THIS DISCLAIMER OF LIABILITY APPLIES TO ANY CLAIMS, LOSSES, ACTIONS, DAMAGES OR INJURY RESULTING FROM ANY FAILURE OF PERFORMANCE OF THE SERVICE, ERROR, OMISSION, INACCURACY, INTERRUPTION, DEFECT, UNTIMELINESS OR UNAUTHENTICITY OF ANY INFORMATION, DELAY OR INTERRUPTION IN OPERATION OR TRANSMISSION, INTERCEPTION OF TRAFFIC SENT OR RECEIVED, COMMUNICATION LINE FAILURE, SECURITY BREACH, EAVESDROPPING, THEFT OR DESTRUCTION OR UNAUTHORIZED ACCESS TO, ALTERATION OF, OR USE OF INFORMATION, OR THE USE OF THE SERVICE.
IN NO EVENT WILL DESALES, ITS DESIGNEES, EMPLOYEES, AGENTS, OR AFFILIATES BE LIABLE FOR ANY PUNITIVE DAMAGES, OR ANY INDIRECT, INCIDENTAL, SPECIAL, CONSEQUENTIAL OR SIMILAR DAMAGES ARISING OUT OF THE USE OF OR INABILITY TO USE THE SERVICE.
DeSales may immediately terminate this Agreement without notice, including, but not limited to, if you engage in any conduct which we, in our sole discretion, consider to be unacceptable, or if you breach this Agreement. Sections 6, 7, 8, 10 and 11 will survive termination of this Agreement.
DeSales logos, slogans, all sounds, and all related logos, products and services described in the Website are trademarks or registered trademarks of DeSales or of third parties.
The Service and website are the property of DeSales and may contain copyrighted material, trademarks and other proprietary information, including, but not limited to, text, software, photos, video, graphics, music and sound. The content, and the selection, coordination, arrangement and enhancement of such content, are the property of their respective owner. You may not modify, copy, record, publish, transmit, distribute, participate in the transfer or sale, create derivative works, or in any way exploit, any of the content, in whole or in part.
You agree to defend, indemnify and hold DeSales and its affiliates, and any respective officers, employees, agents and contractors, harmless from and against all claims, expenses and damages, including reasonable attorneys fees, arising out of or resulting, directly or indirectly, from any act or omission by you with respect to the Service, a Payment or the Academy.

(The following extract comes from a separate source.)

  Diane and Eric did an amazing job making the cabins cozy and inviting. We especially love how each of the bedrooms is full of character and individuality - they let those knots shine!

Entire Agreement. This Agreement, other agreements, policies and any operating rules posted on the Website or provided to you through the Service constitute the entire agreement between you and us with respect to your use of the Service, and supersede all previous written or oral agreements between the parties with respect to such subject matter.
Change in Terms. DeSales reserves the right at any time to change, add to or delete any aspect or feature of the Service and the terms and conditions of this Agreement, including, but not limited to, with respect to convenience fees for use, except where obligated by an existing agreement with an academy. We will provide notice of any such changes by posting notice to the Website or as otherwise required by law. Any use of the Service by you after such notice shall be deemed to constitute acceptance by you of such changes.

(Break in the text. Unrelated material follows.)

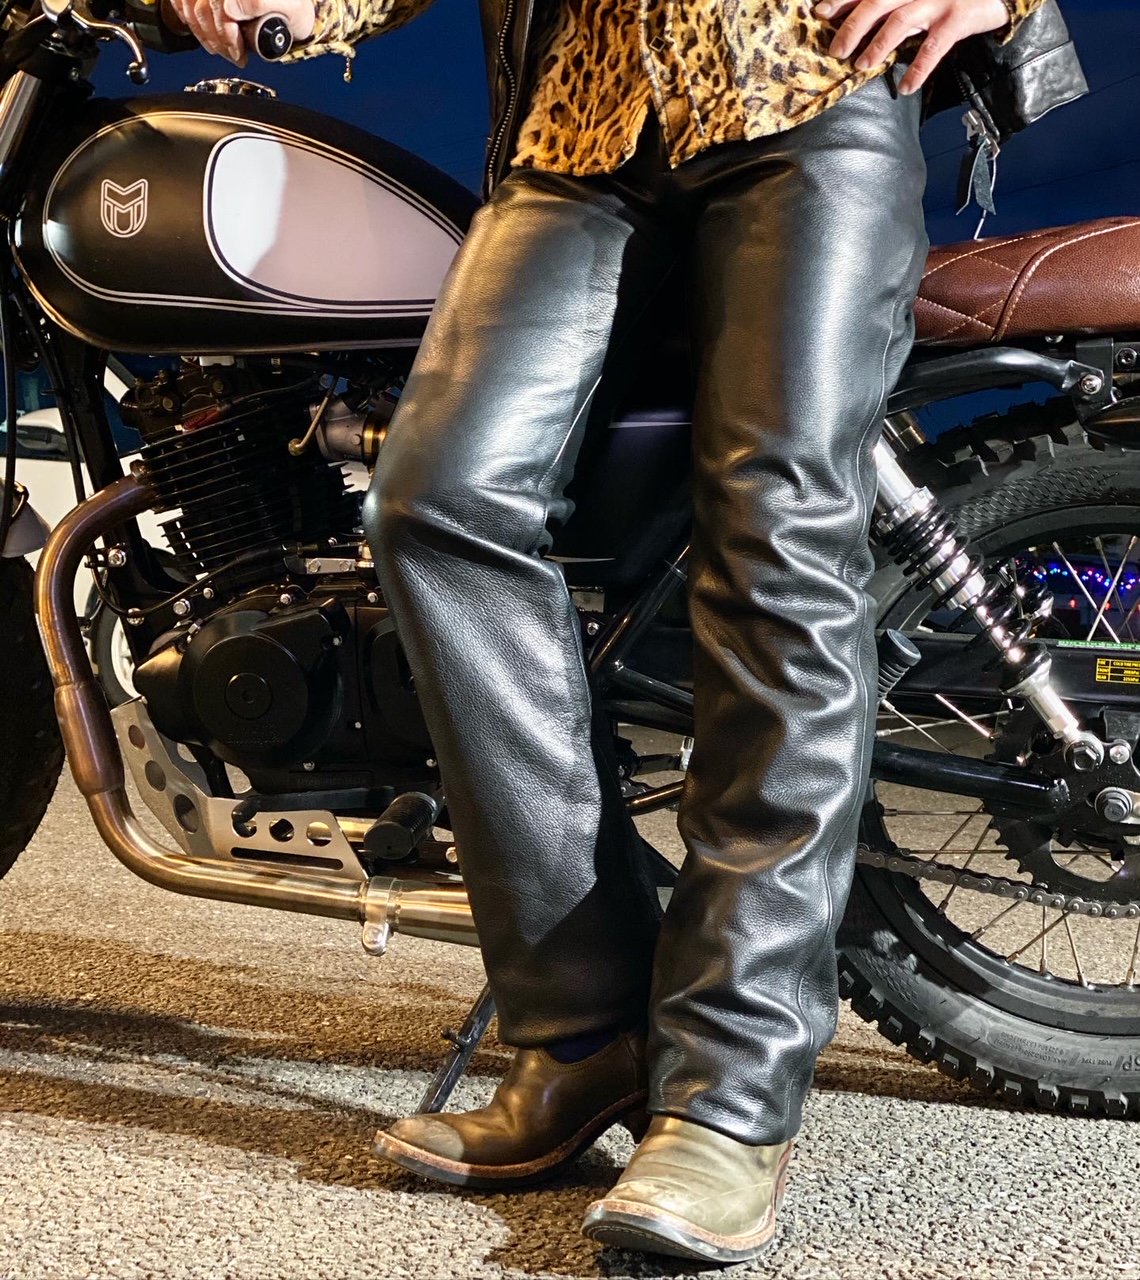 Y'2 LEATHER/ワイツーレザー】レザーパンツ/SPｰ02：STEER OIL PANTS

Applicable Laws. This Agreement is governed by the laws of the State of New York without regard to its conflict of laws provisions.

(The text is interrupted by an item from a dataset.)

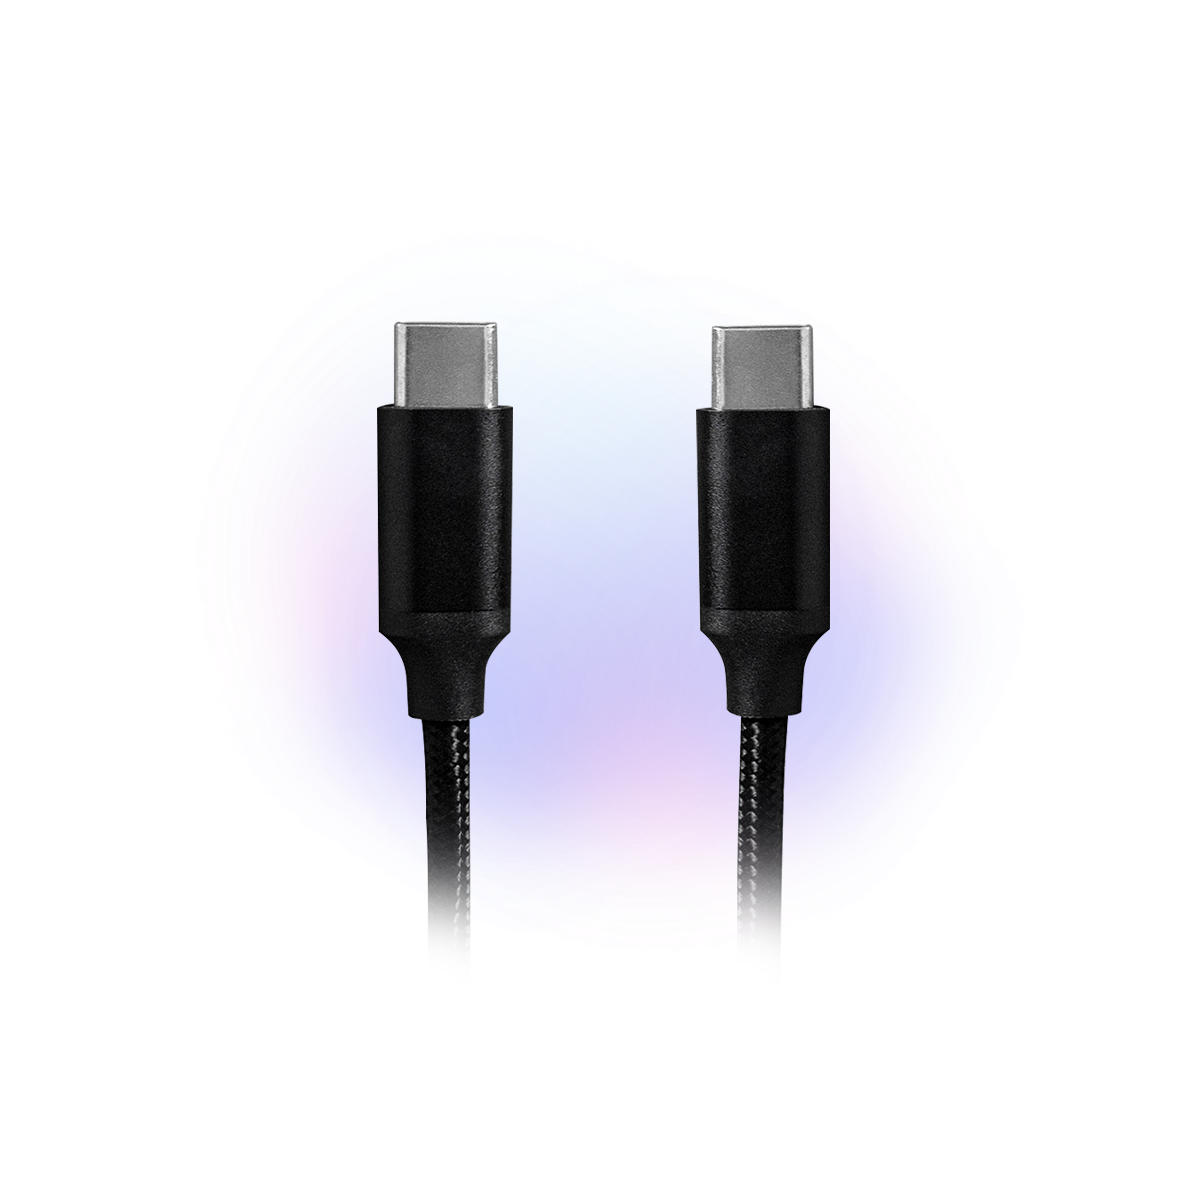 USB Type a Cables

Waiver. Any waiver of our rights must be in writing and signed by a duly authorized officer of DeSales. No waiver of any breach or default hereunder shall be deemed to be a waiver of any preceding or subsequent breach or default.
Partial Invalidity. If any provision of this Agreement shall be held invalid or unenforceable by competent authority, such provision shall be construed so as to be limited or reduced to be enforceable to the maximum extent compatible with the law as it shall then appear. The total invalidity or unenforceability of any particular provision of this Agreement shall not affect the other provisions hereof and this Agreement shall be construed in all respects as if such invalid or unenforceable provision were omitted.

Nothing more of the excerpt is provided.